| GOAL OF THE EXERCISE |
Using the listing below, output only the lines from the one that contains "Seau à glace en métal argenté de Christofle." through the one that contains "H : 21cm , L : 24cm, P : 19cm", inclusive, exactly as given and without images.

| RECORDS SUPPLIED |
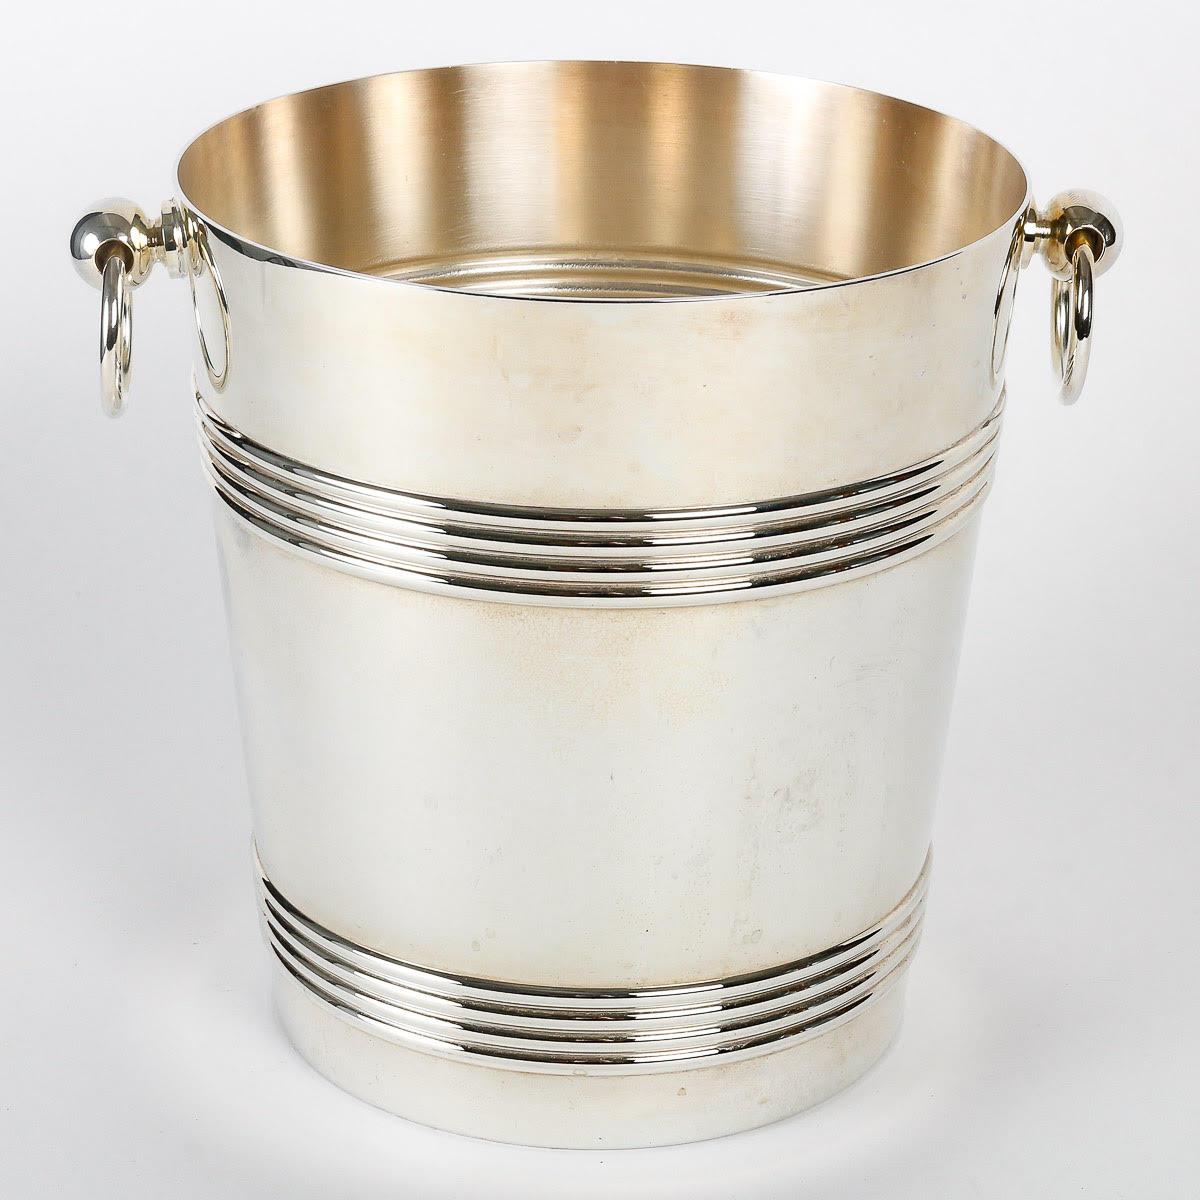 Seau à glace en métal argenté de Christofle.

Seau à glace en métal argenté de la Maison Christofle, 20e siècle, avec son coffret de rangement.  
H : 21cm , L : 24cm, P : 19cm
---
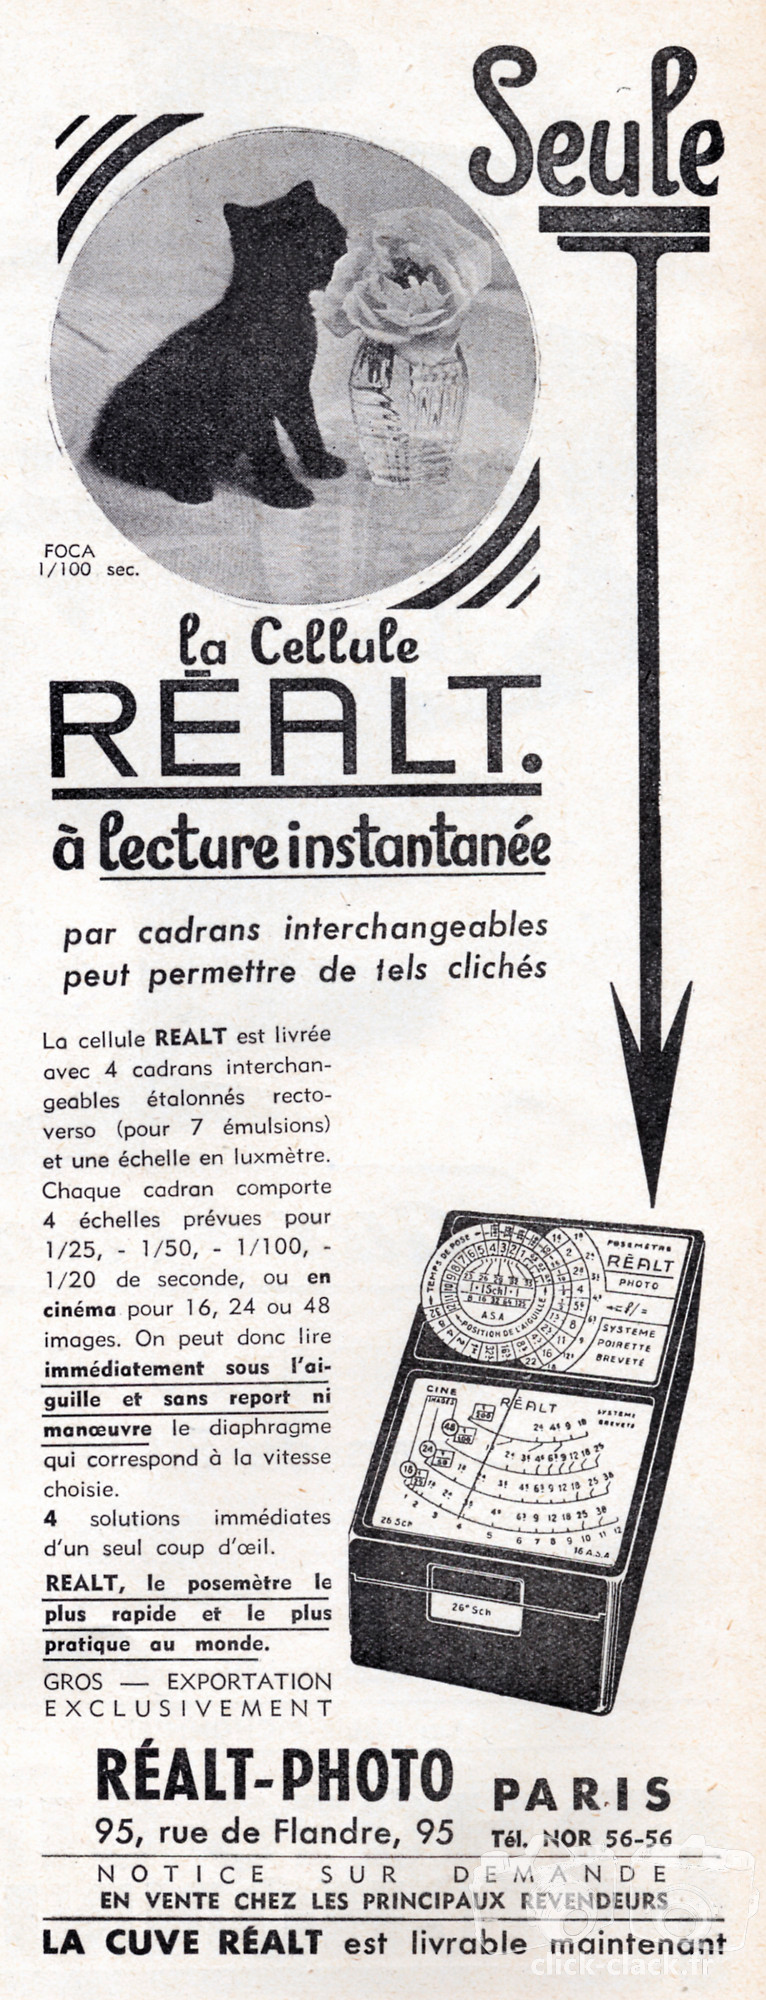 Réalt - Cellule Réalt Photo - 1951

| SOLUTION TO THIS PROBLEM |
 Seau à glace en métal argenté de Christofle.

Seau à glace en métal argenté de la Maison Christofle, 20e siècle, avec son coffret de rangement.  
H : 21cm , L : 24cm, P : 19cm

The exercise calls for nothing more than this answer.